═════ COLLECTED DATA ═════
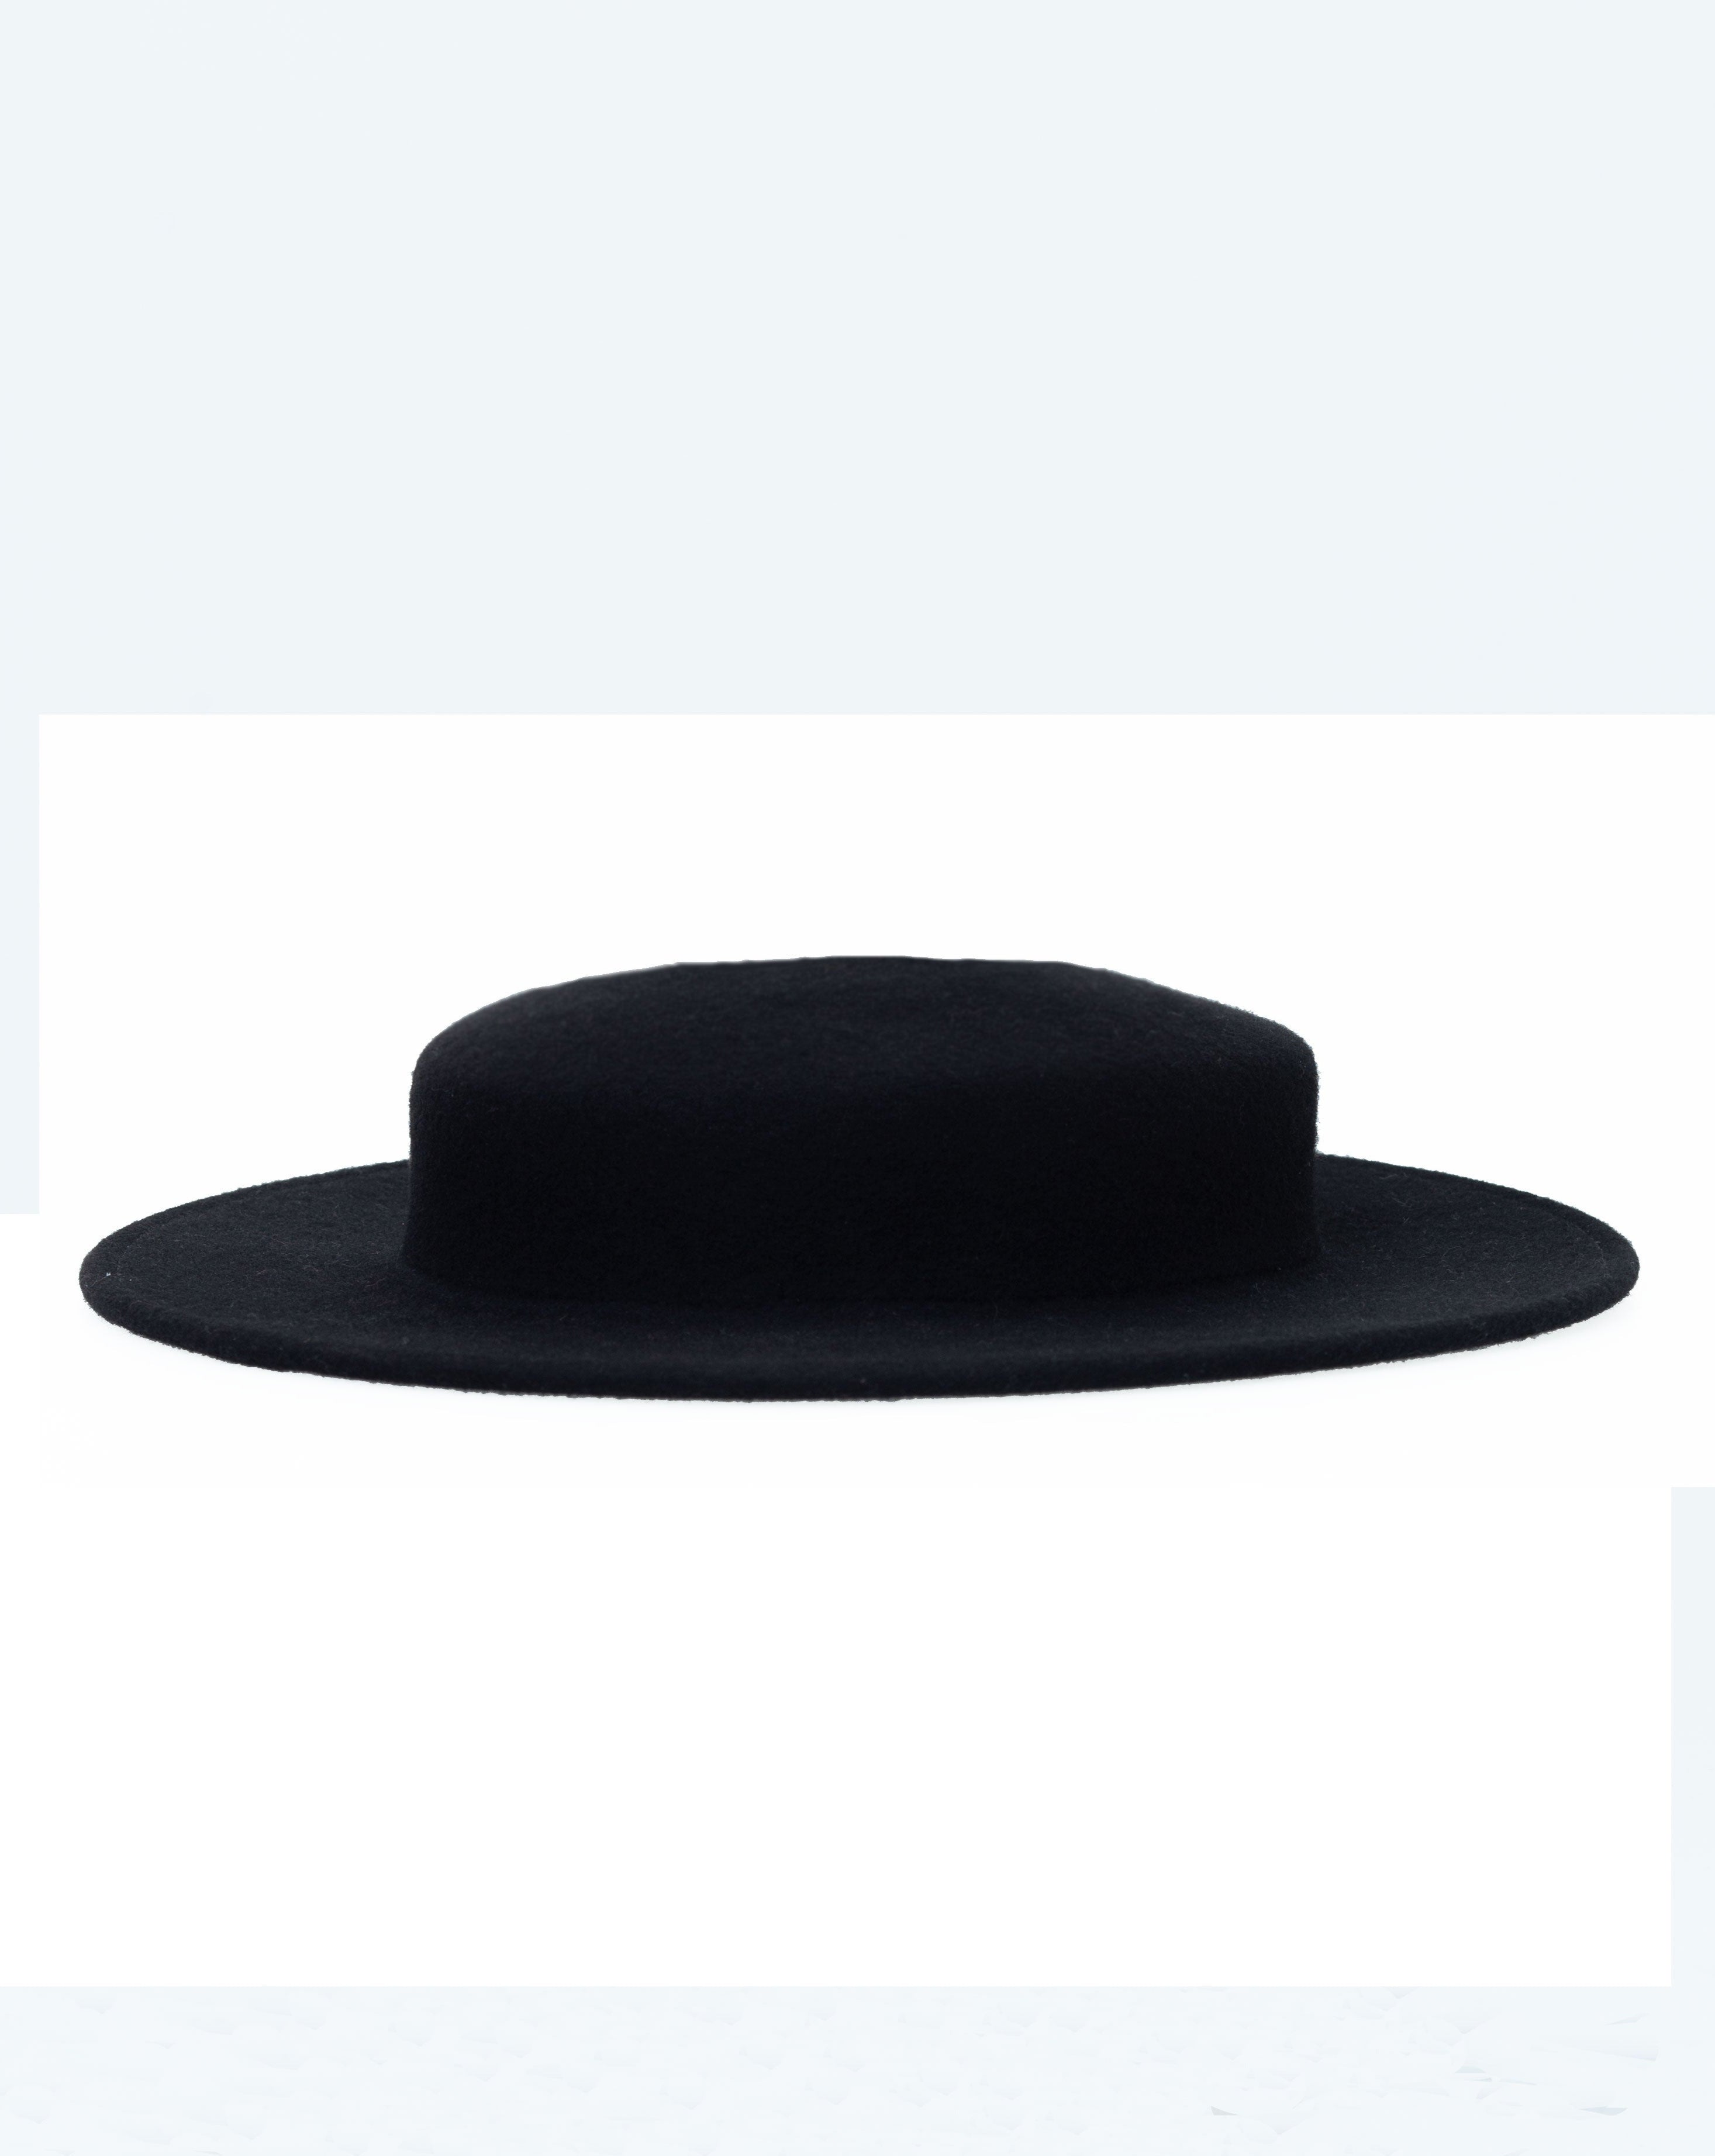 Krystyna Boater Hat in Black Wool Felt
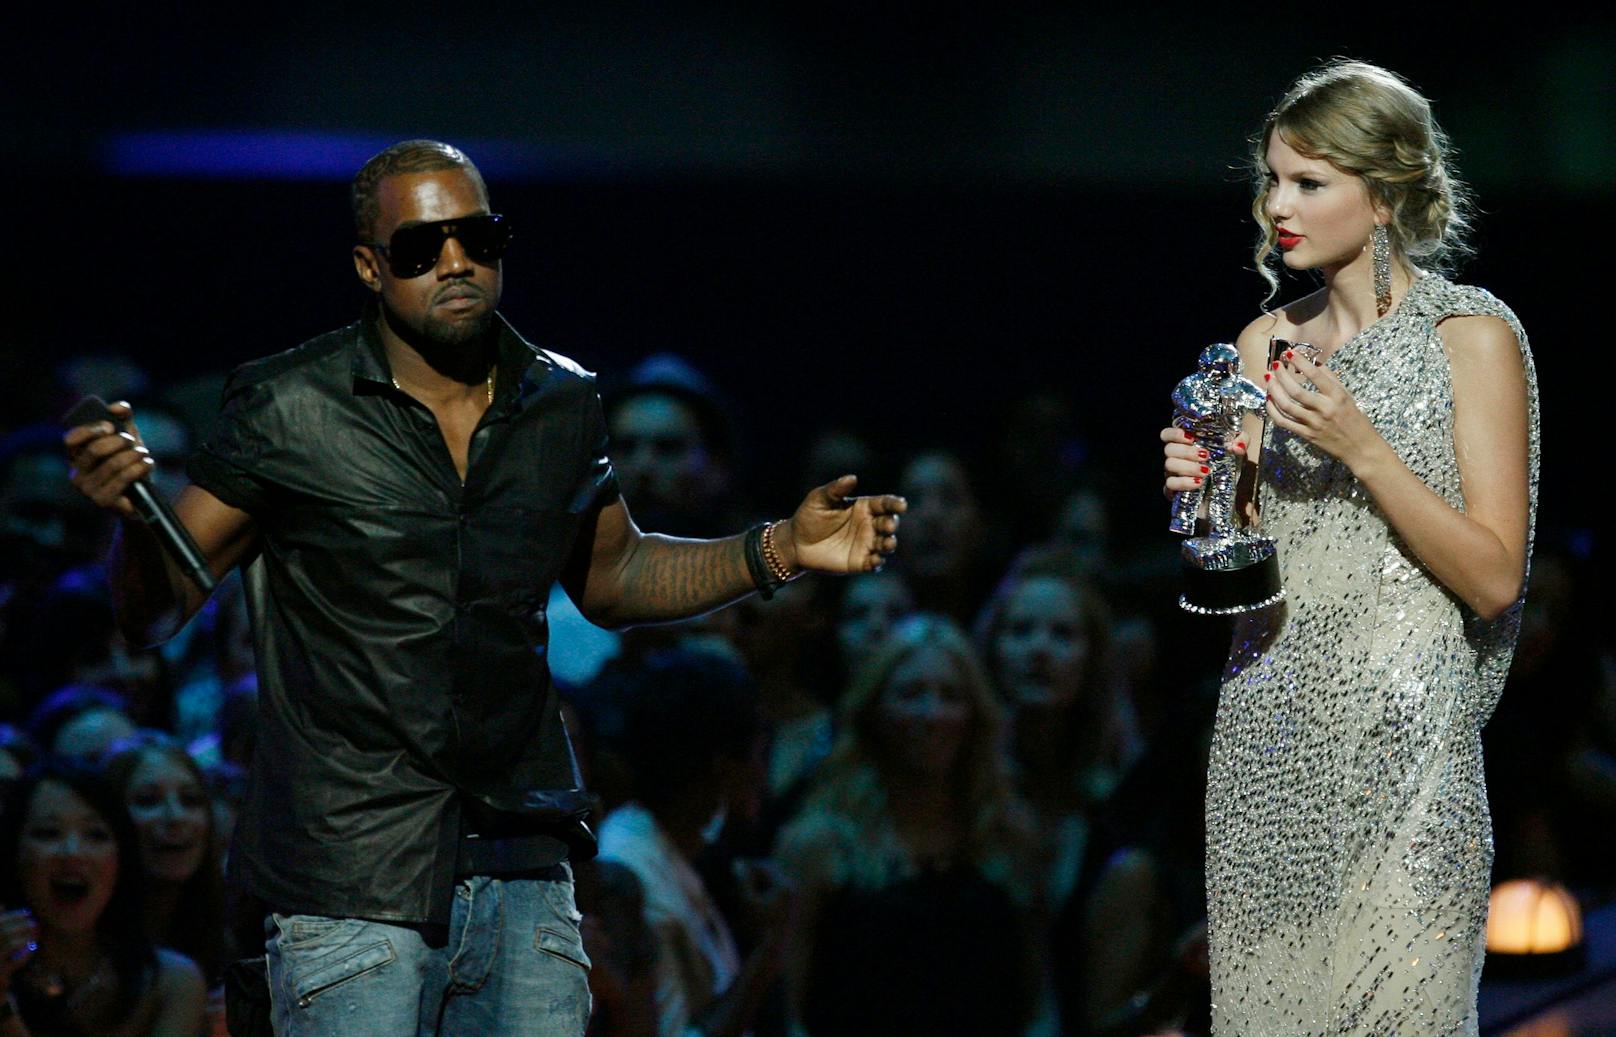 Doch mit dem ganzen Ruhm, kommen auch Feinde. Bei den MTV Video Music Awards 2009, entreißt ihr Rapper Kanye West den gewonnenen Preis und kritisiert sie vor laufender Kamera. Ihre Fehde zieht sich bis heute...
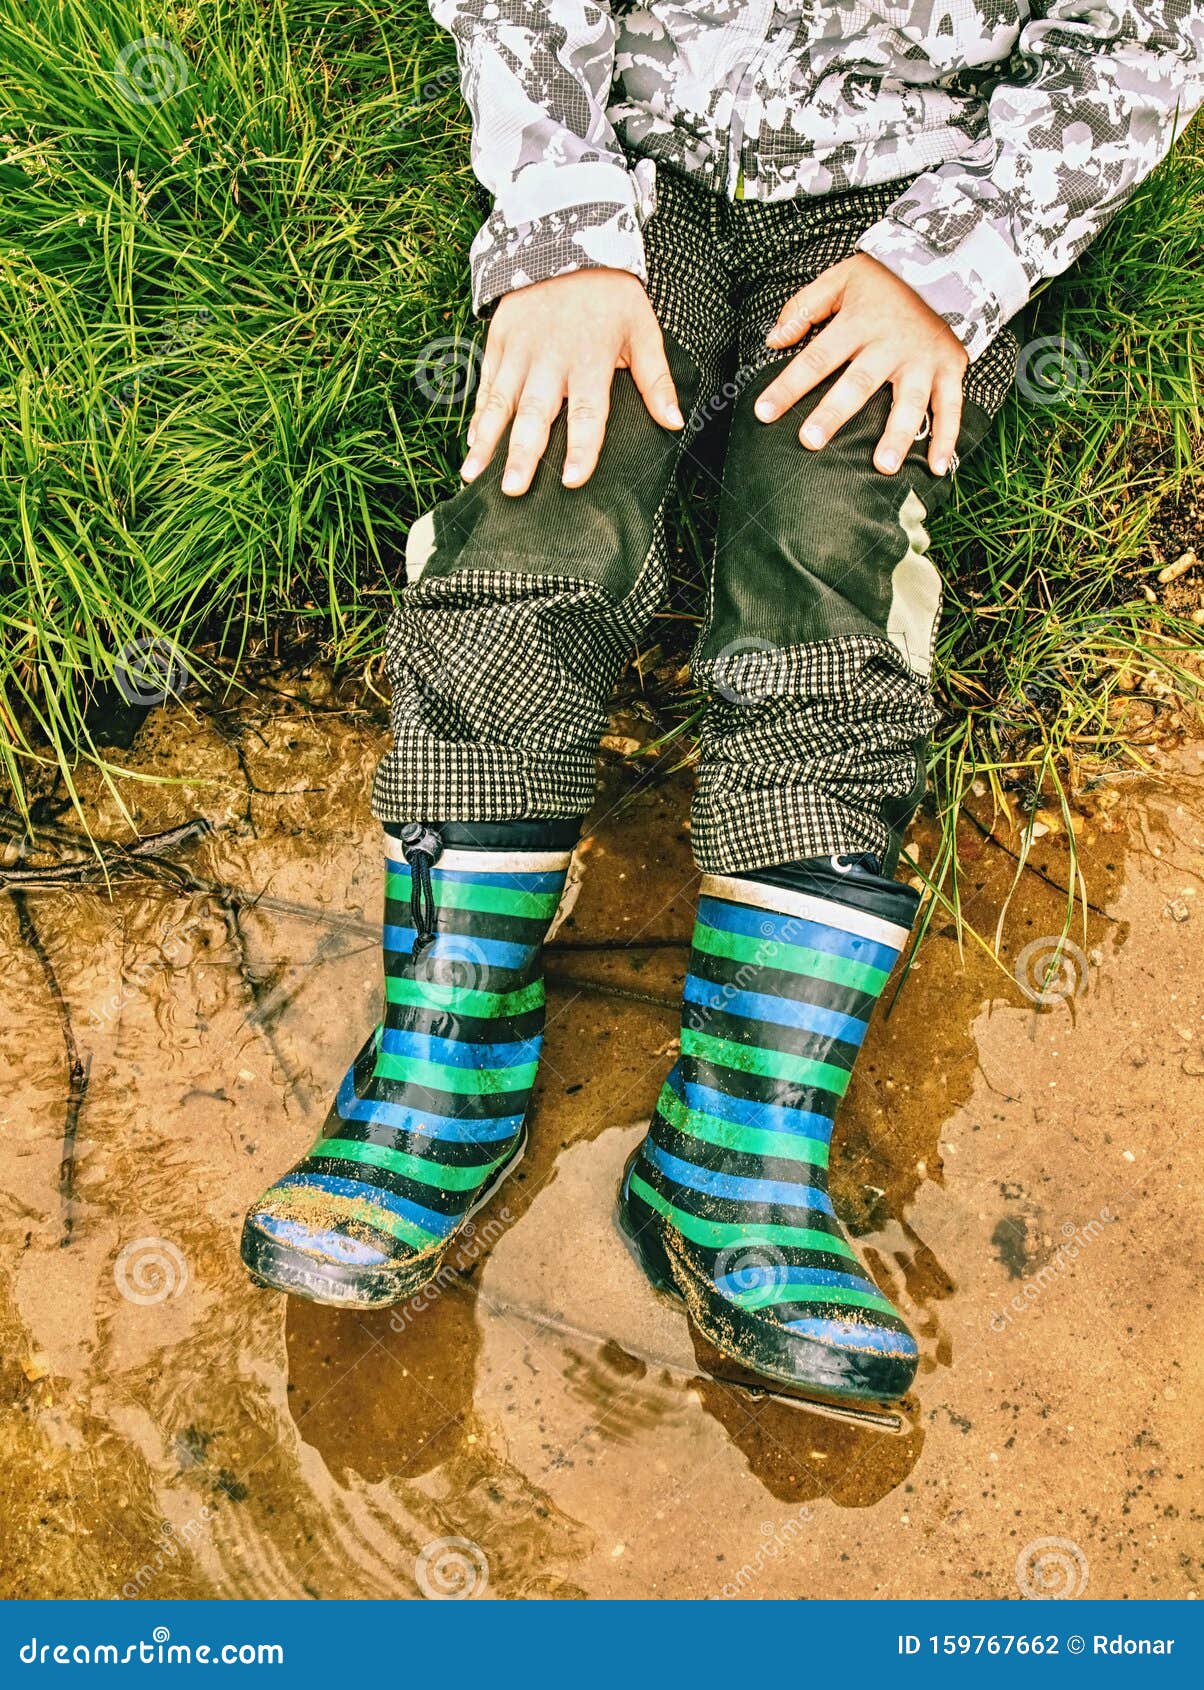 child wearing rain boots , sits at muddy puddle
═════
INSTRUCTIONS FOR THE TASK |
Exactly the lines from the one containing "Doch mit dem" through the last line of the material above, both included and free of pictures, should make up your answer, please.

ANSWER |
 Doch mit dem ganzen Ruhm, kommen auch Feinde. Bei den MTV Video Music Awards 2009, entreißt ihr Rapper Kanye West den gewonnenen Preis und kritisiert sie vor laufender Kamera. Ihre Fehde zieht sich bis heute...
 child wearing rain boots , sits at muddy puddle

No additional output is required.